In 2008, Mount Gambier businessman Adrian deBruin formed air charter company deBruin Air after acquiring the assets of defunct airline O'Connor Airlines. The company catered for executive and business charter, contract charter including fly-in fly-out, aerial photography, fire spotting and freight. DeBruin Air was formally closed in early 2016.

=== Gambier Flying School ===
In mid-2016, flight instructor Tony Peters commenced operations trading as Gambier Flying School. The school currently operates two small aircraft and caters for students working towards either their RA, GA or Commercial Pilots licences.

=== O'Connor Airlines ===
O'Connor Airlines, which ceased operations 14 December 2007, was formerly based at the airport before going into voluntary administration. The airline initially began with a flight training school in 1973 before expanding into freight and passenger services with scheduled domestic routes to Adelaide and Melbourne..

=== Rex Airlines ===
In 2002, Australiawide Airlines, a consortium of former Ansett Australia employees acquired Hazelton Airlines and Kendell Airlines to form a new regional airline. Rex Airlines continues to operate daily flights between Adelaide, Mount Gambier and Melbourne.

=== QantasLink ===
In 2009, QantasLink announced it was exploring further services into regional South Australia, including flights to Mount Gambier. The airline has announced it will introduce a new air service between Adelaide to Port Lincoln, however QantasLink says while Port Lincoln is its primary focus, it will explore further expansion into regional areas.

In 2014, QantasLink announced a further 1 of 2 destinations were under consideration – Mount Gambier and Whyalla. The new service was awarded to Whyalla.

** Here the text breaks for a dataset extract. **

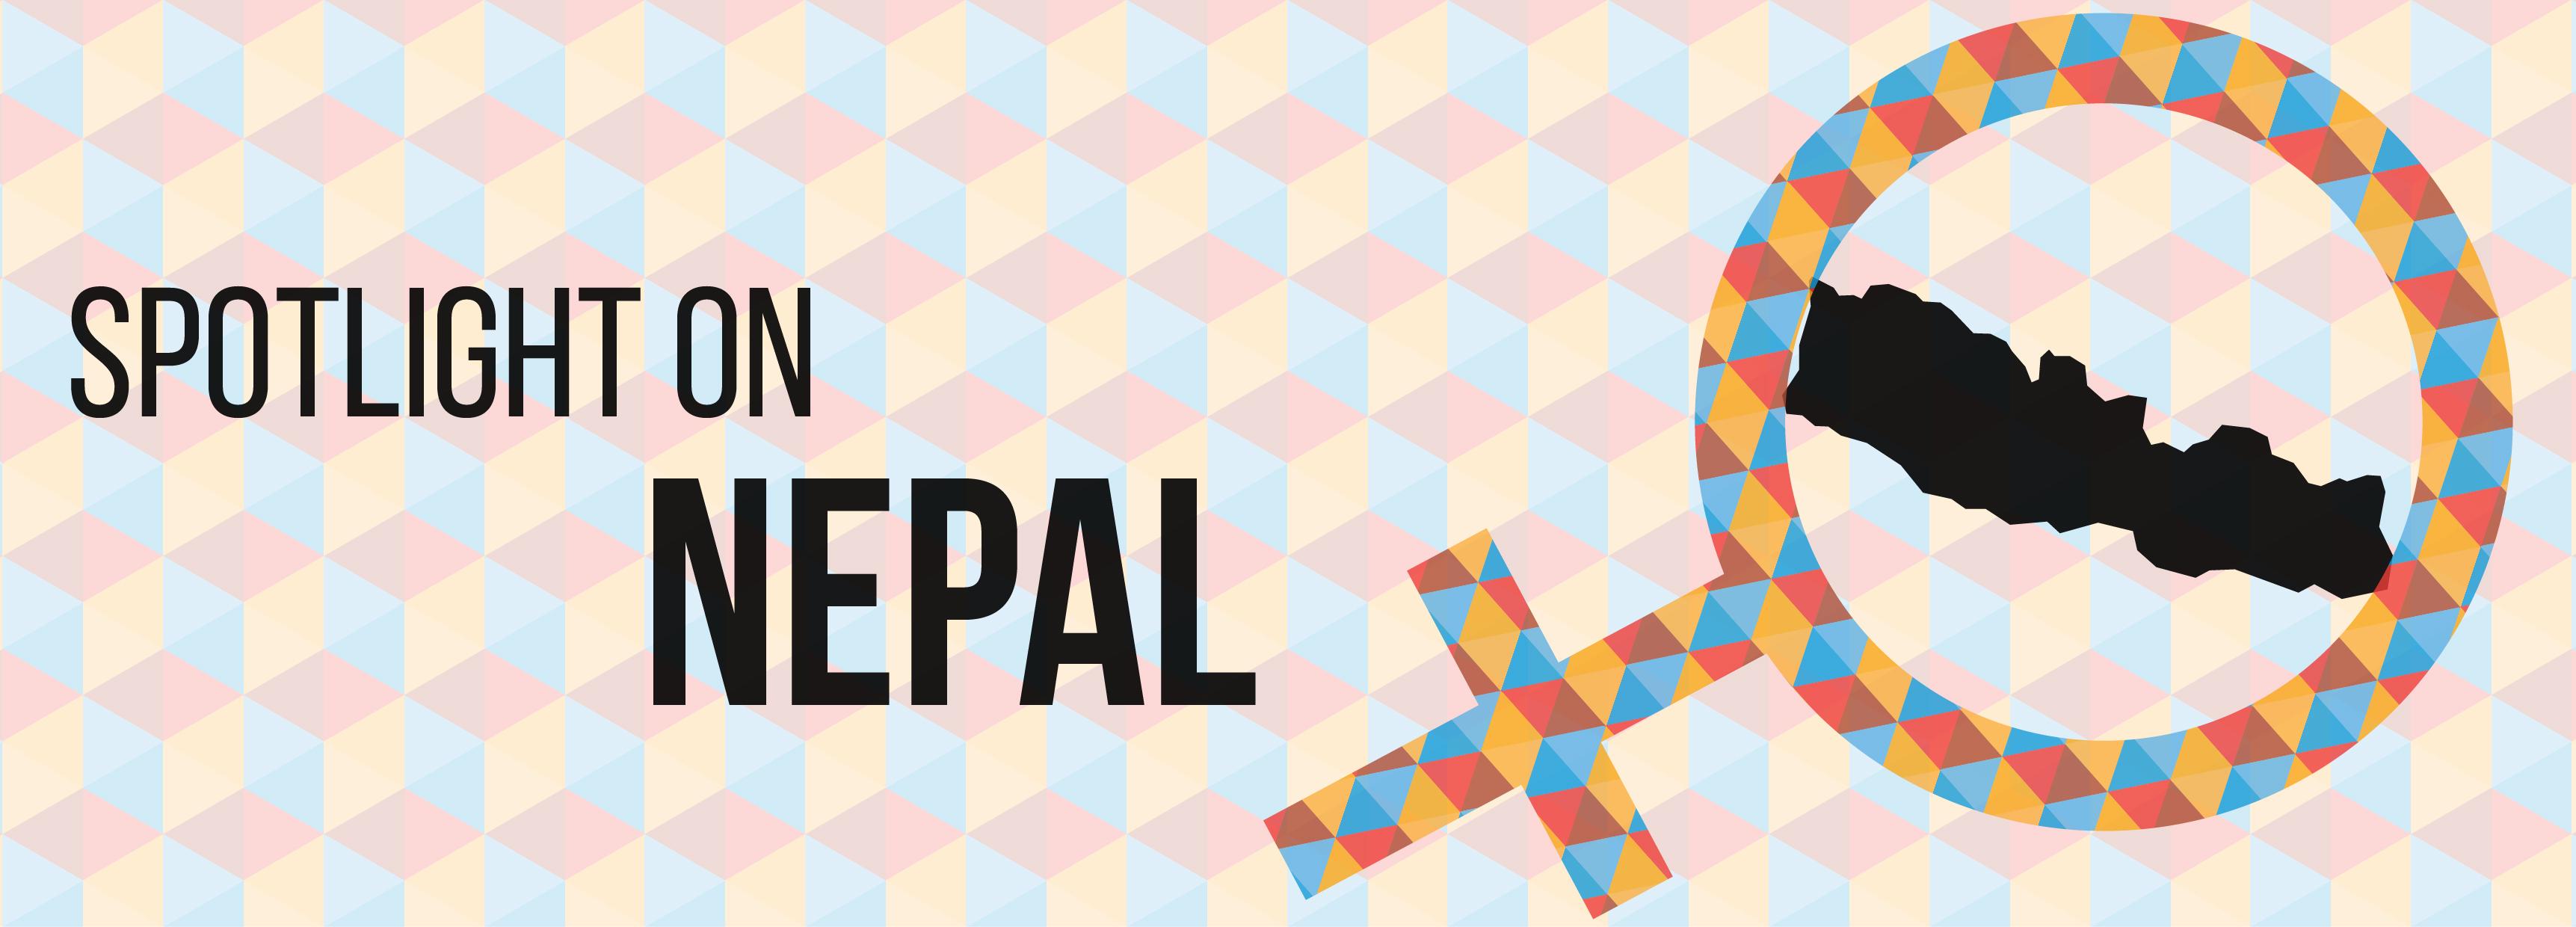 Blog Headers_spotlight on Nepal

In 2020, QantasLink announced further expansion of regional routes, with flights from Mount Gambier to Adelaide and Melbourne commencing in March 2021, using Dash 8 300 Series aircraft. After only six weeks of flying to Mount Gambier, QantasLink increased the frequency on the Adelaide route from 5 weekly return flights to 12. This was part of a partnership between Qantas and the SA Government to establish a base at Adelaide Airport.

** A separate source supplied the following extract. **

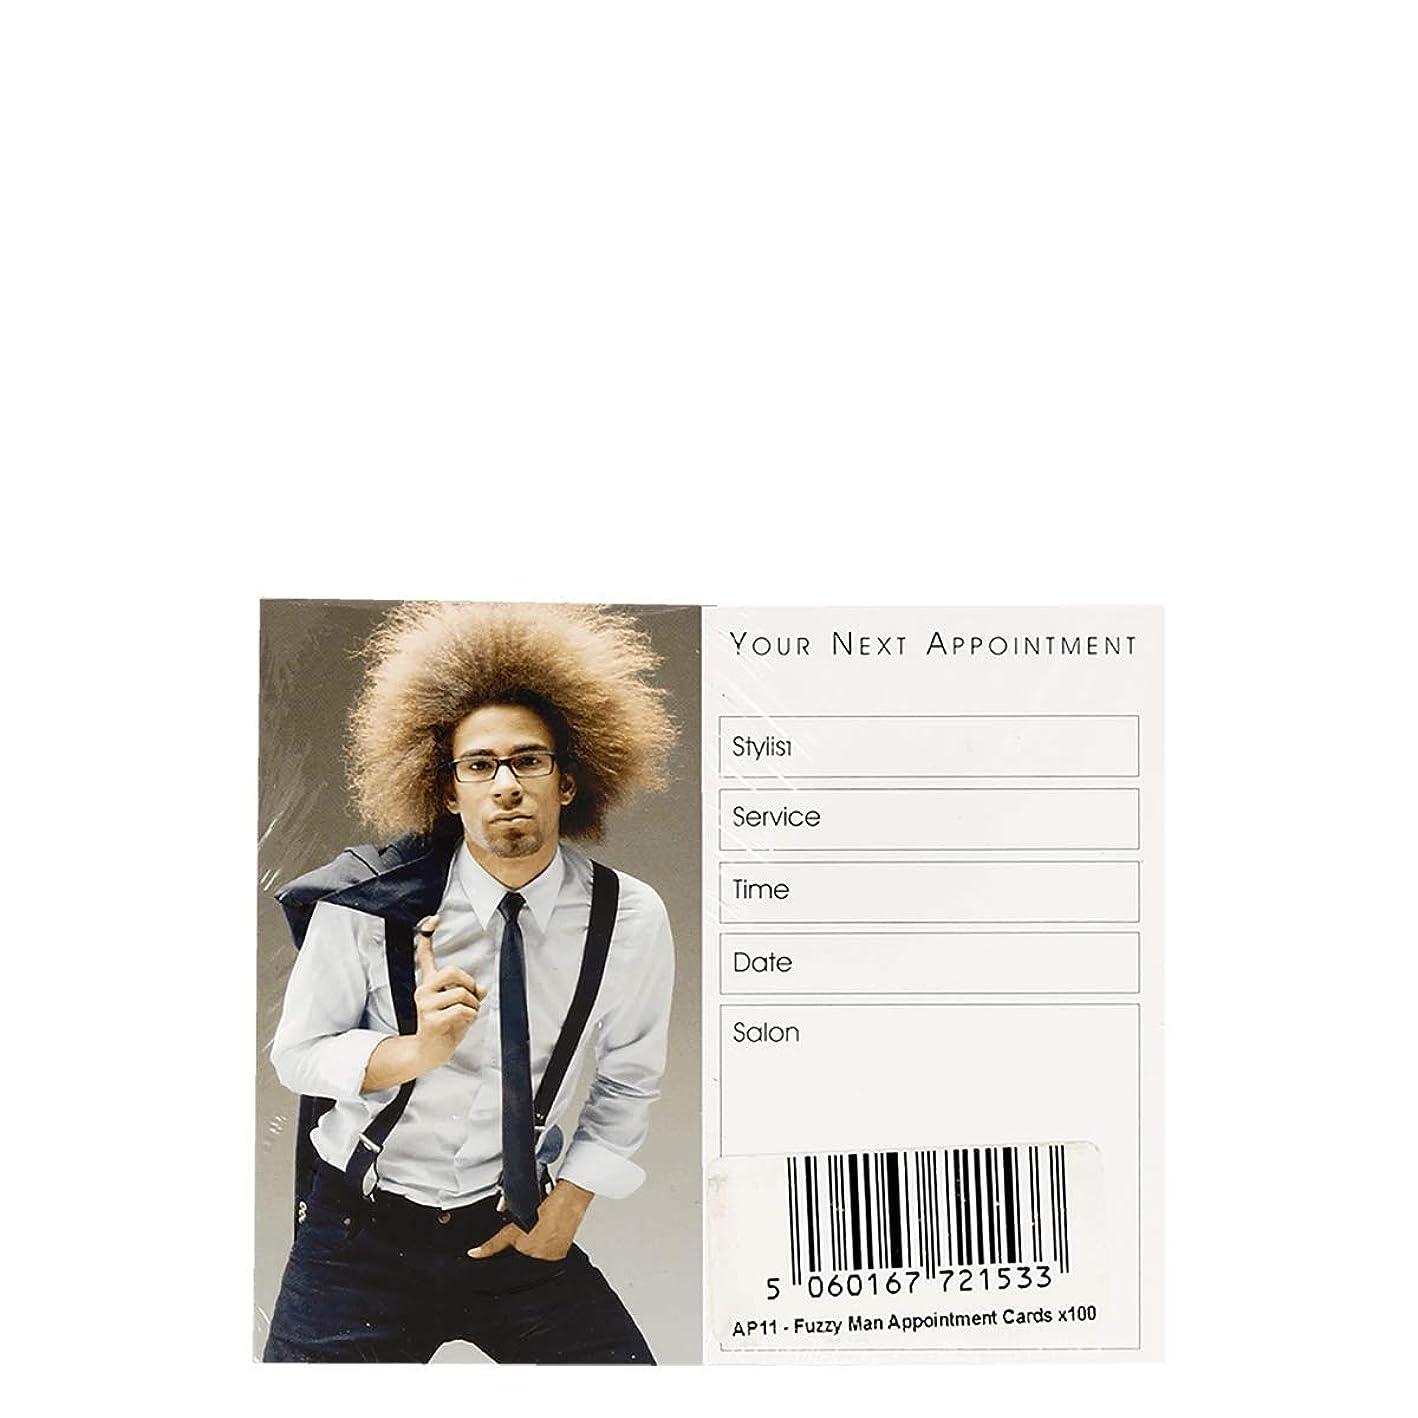 シーボードブローポーターアポイントメントカード Appointment Cards- AP11 FUZZY MAN CARDS x100[海外直送品] [並行輸入品]

On April 14, 2026 Qantas announced the Adelaide route due to fuel shortages and declining demand was to end on May 18, 2026.

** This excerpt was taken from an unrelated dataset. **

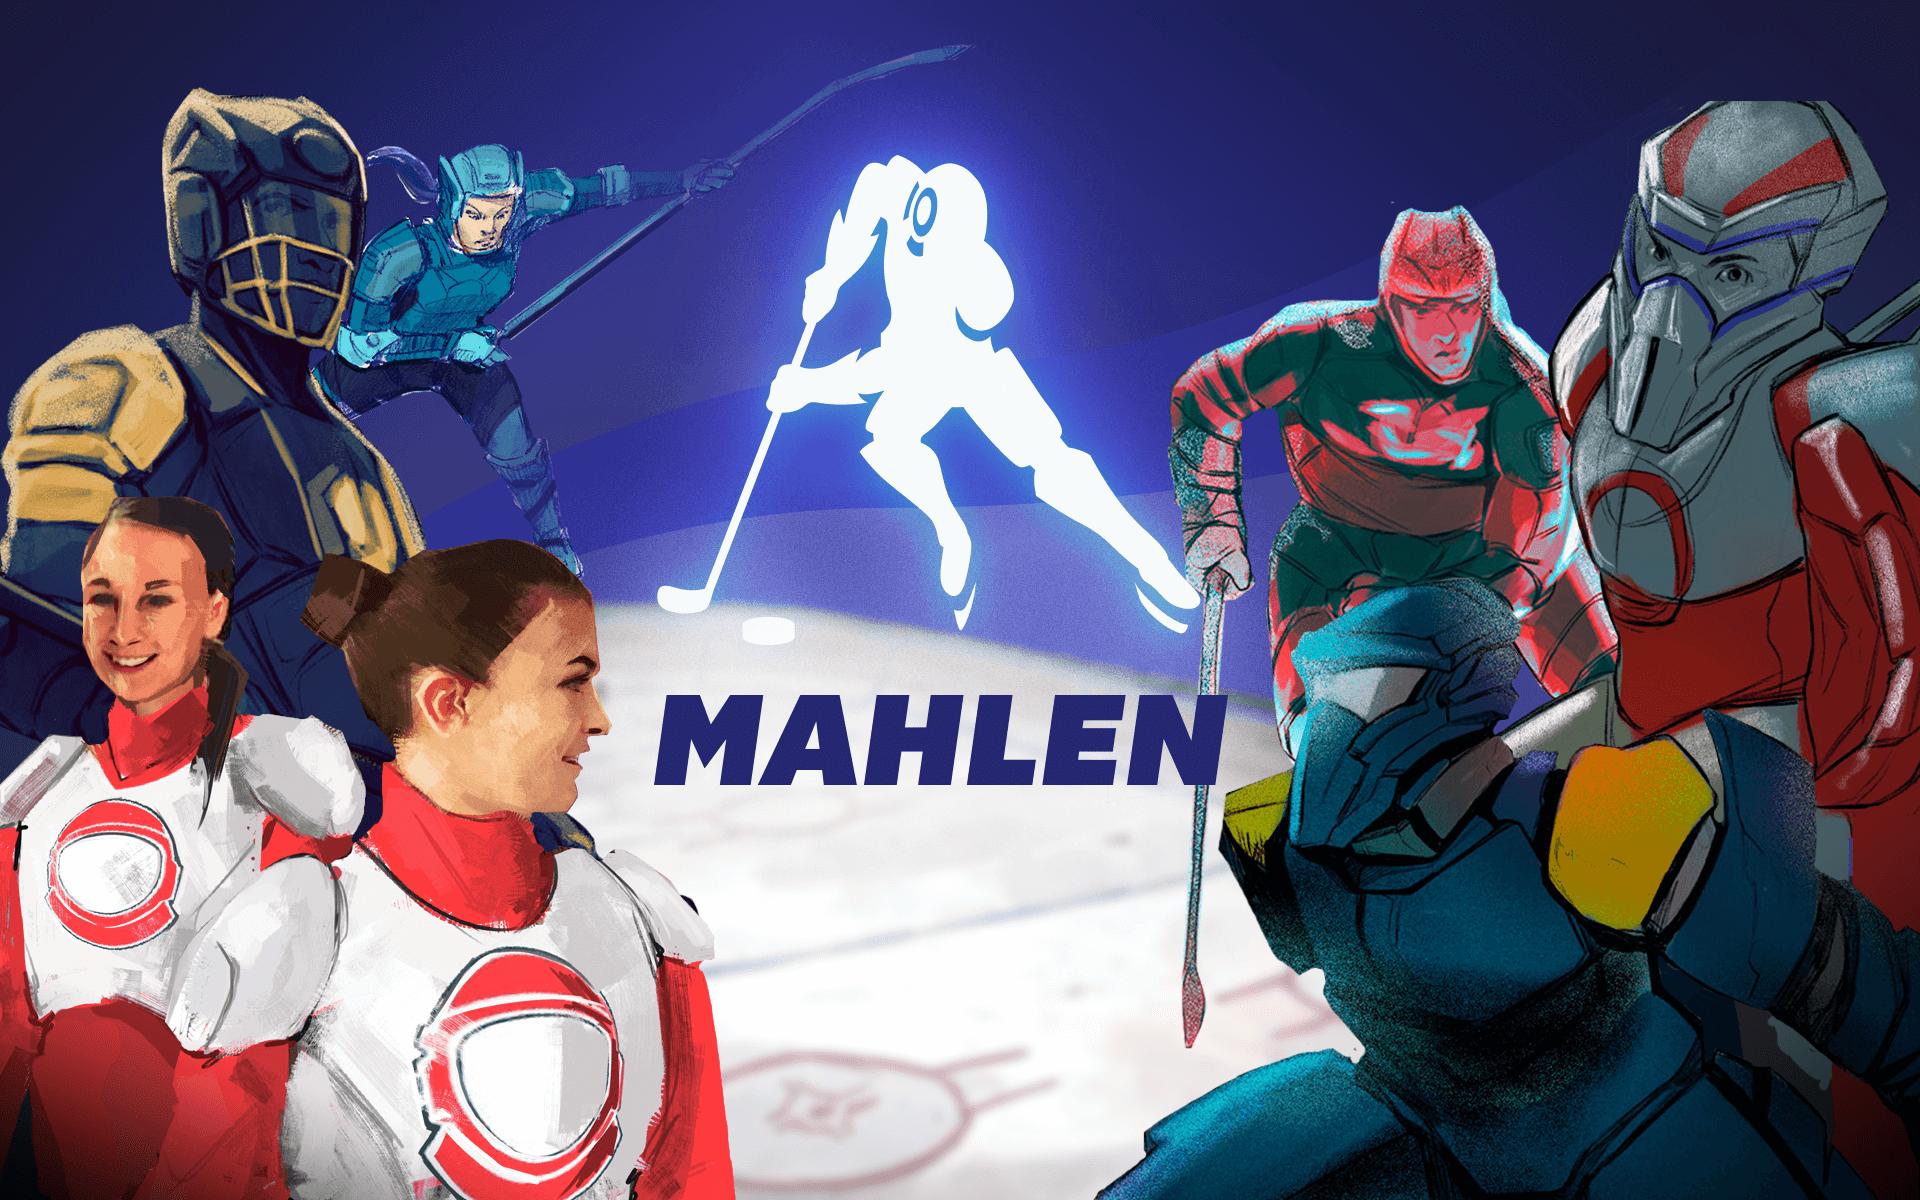 mahlen-banner-compressed.png

== Airlines and destinations ==

| Airlines | Destinations |
|---|---|
| Rex Airlines | Adelaide, Melbourne |

== Statistics ==
Mount Gambier Airport was ranked 45th in Australia for the number of revenue passengers served in financial year 2010–2011.

Source Bitre

== Aero Club ==

The Mount Gambier Aero Club Inc. was originally formed in the 1930s and continued through to the Second World War when the airport was taken over by the Royal Australian Air Force. The present day aero club was established as the Mount Gambier Gliding and Soaring Club in July 1947 and continued under this name until 31 May 1957 when it was renamed the Mount Gambier Aero Club, the name used to the present day.